» Work instruction
Aim for an exact copy of the listing, without any images.
*** Material provided ***
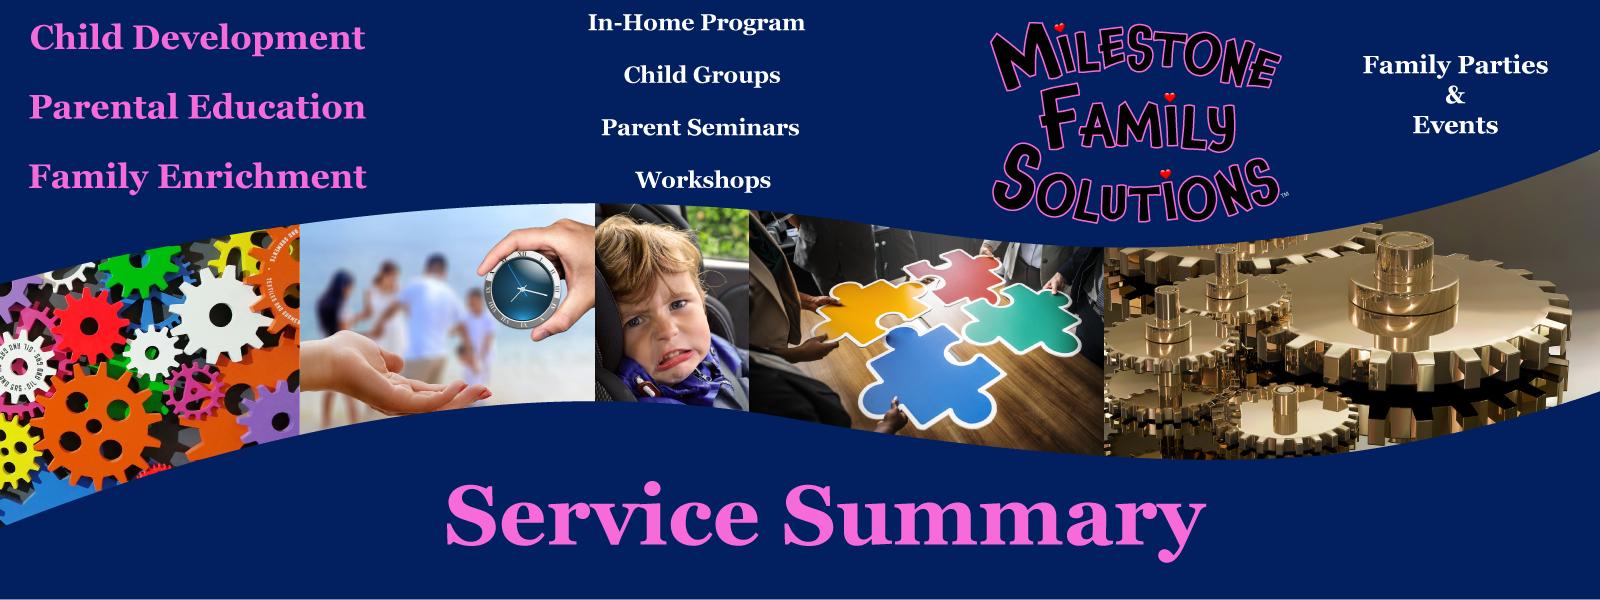 service summary header
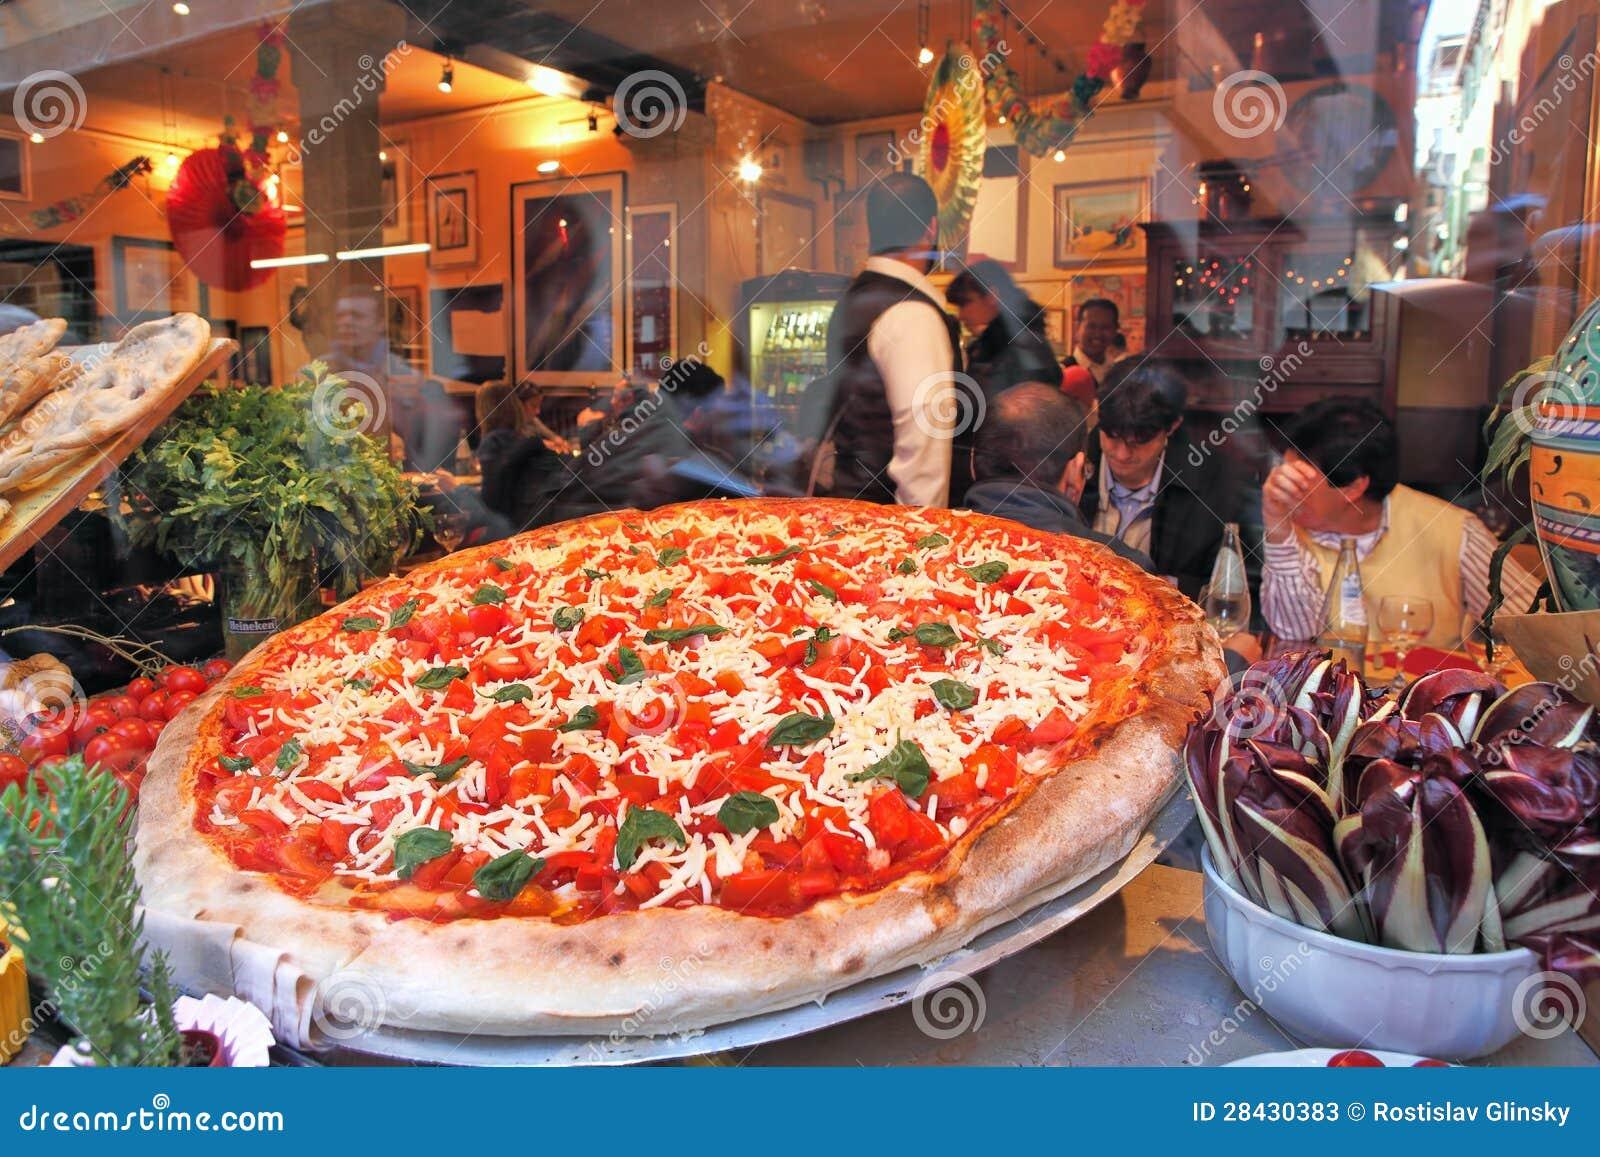 Best Italian Restaurants In San Antonio
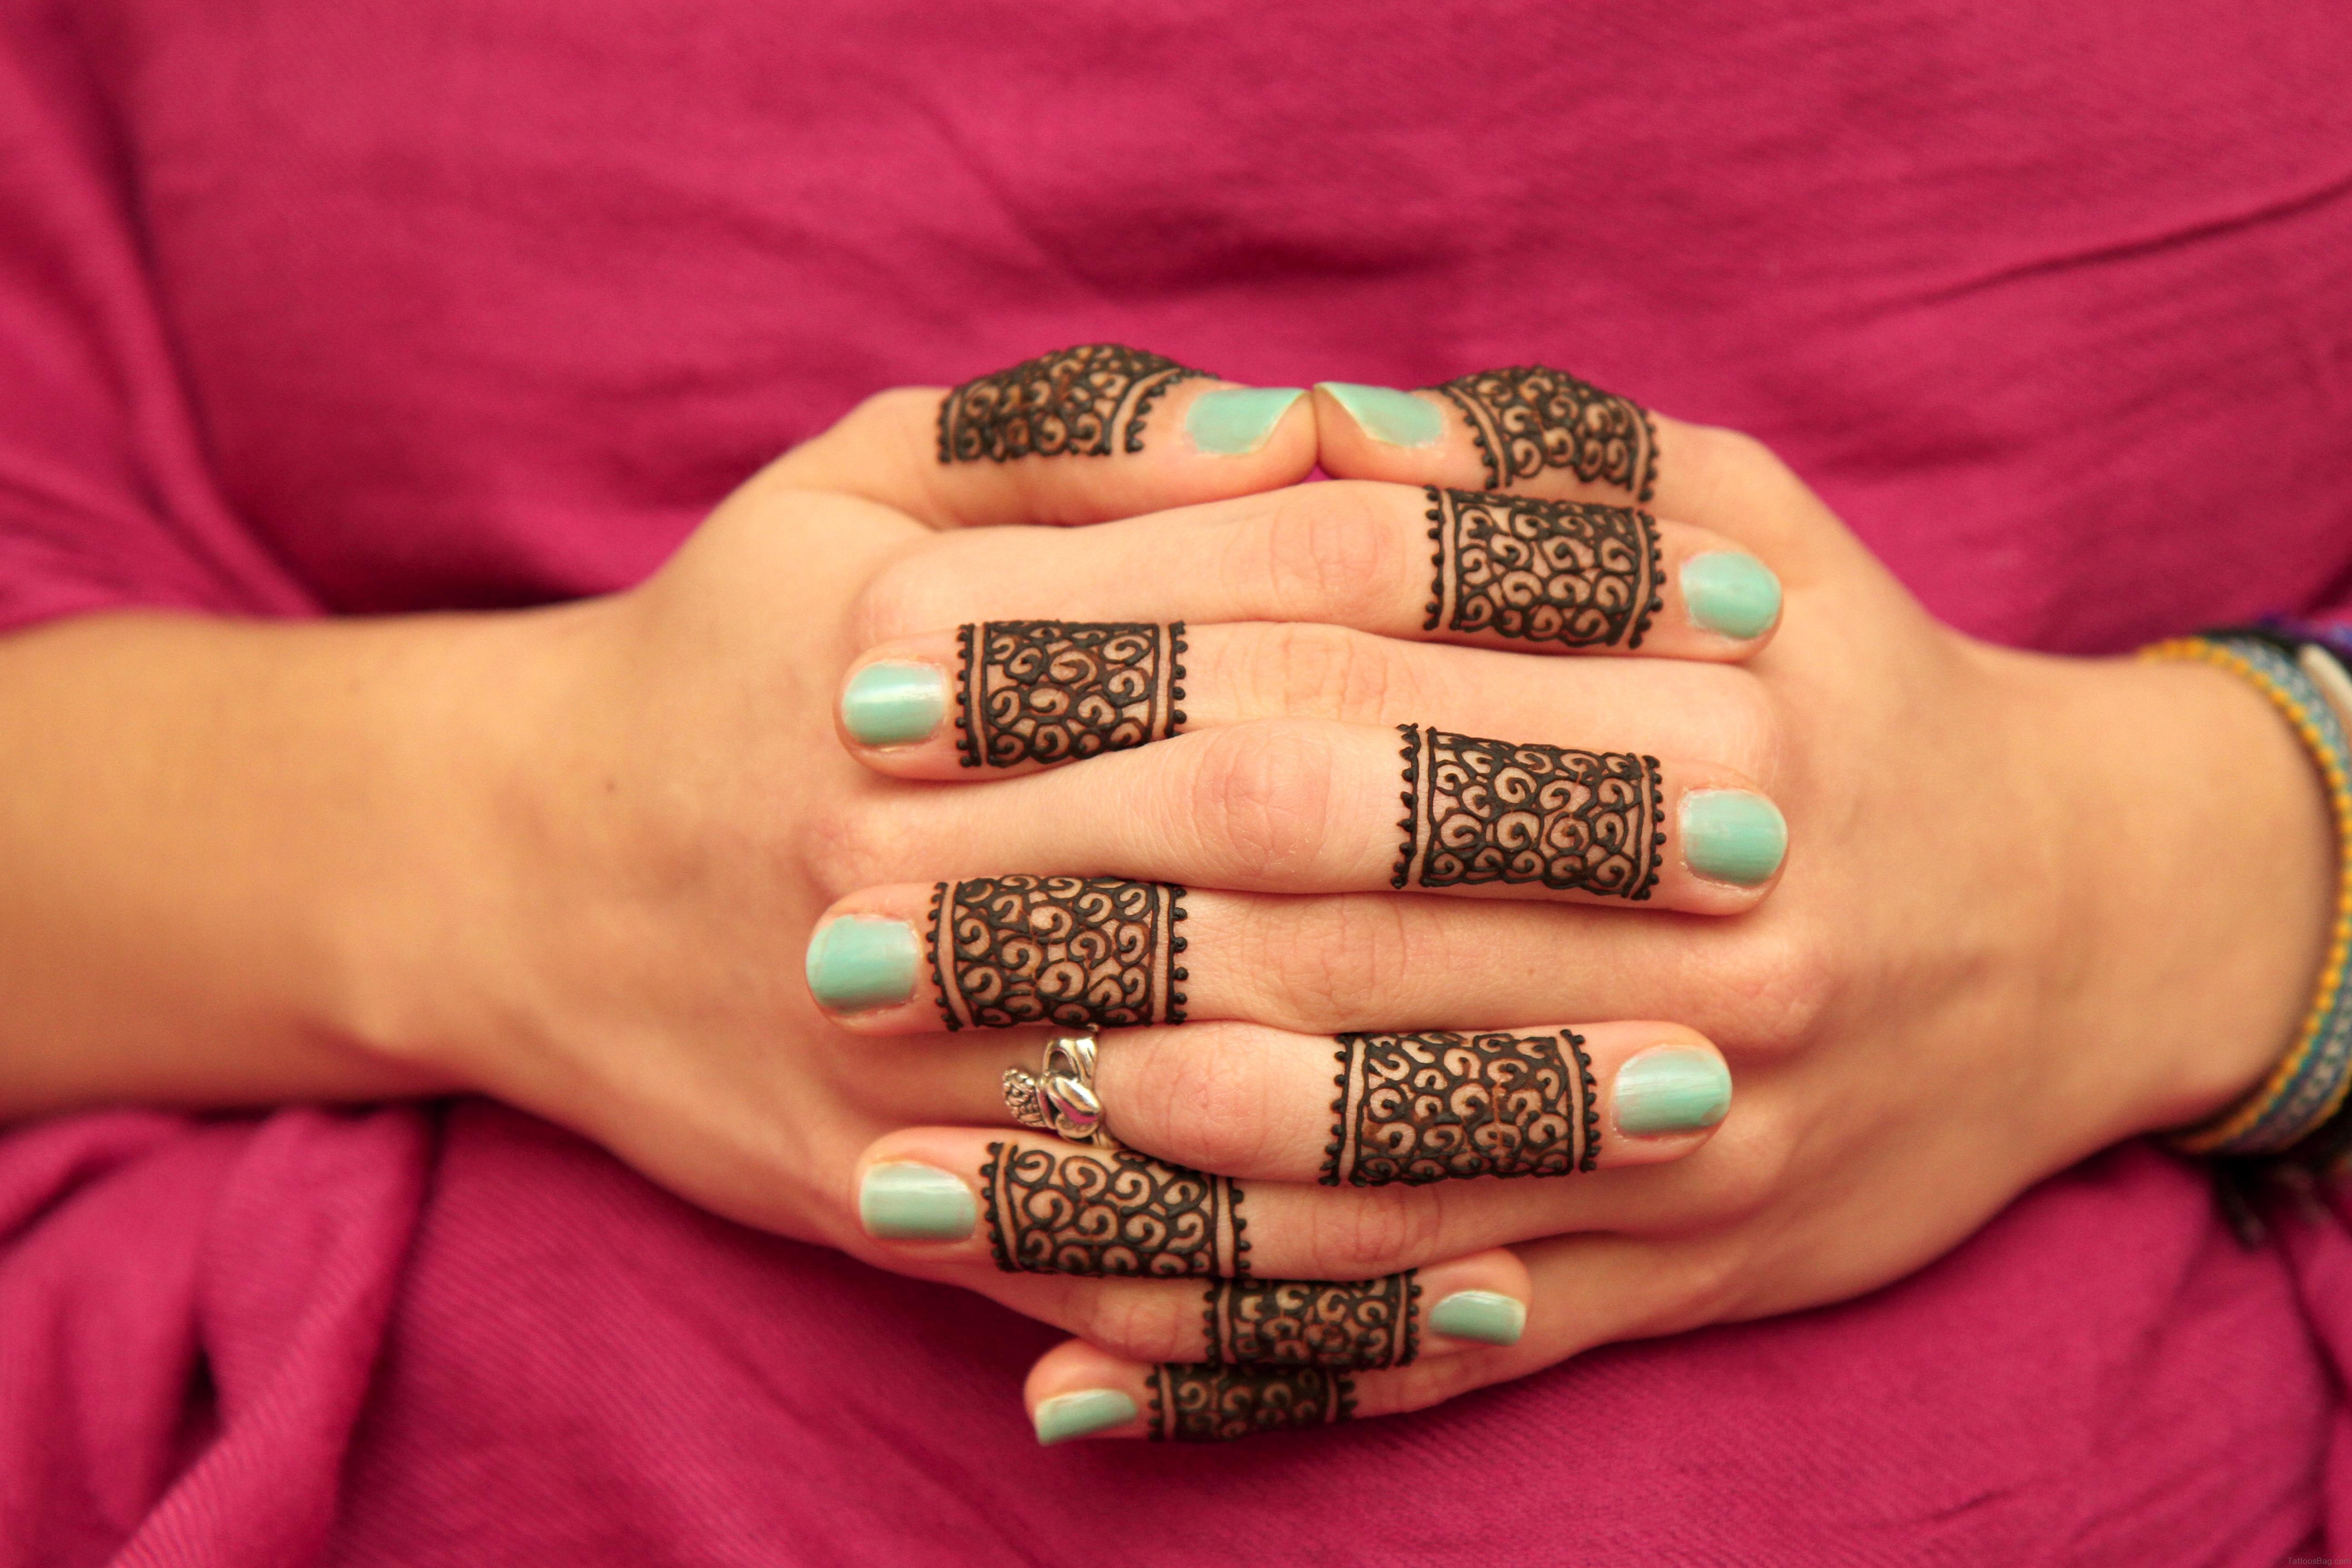 b0893530c 25 Pleasing Egyptian Tattoos On Fingers
*** End of Material provided ***
» Answer below
 service summary header
 Best Italian Restaurants In San Antonio
 b0893530c 25 Pleasing Egyptian Tattoos On Fingers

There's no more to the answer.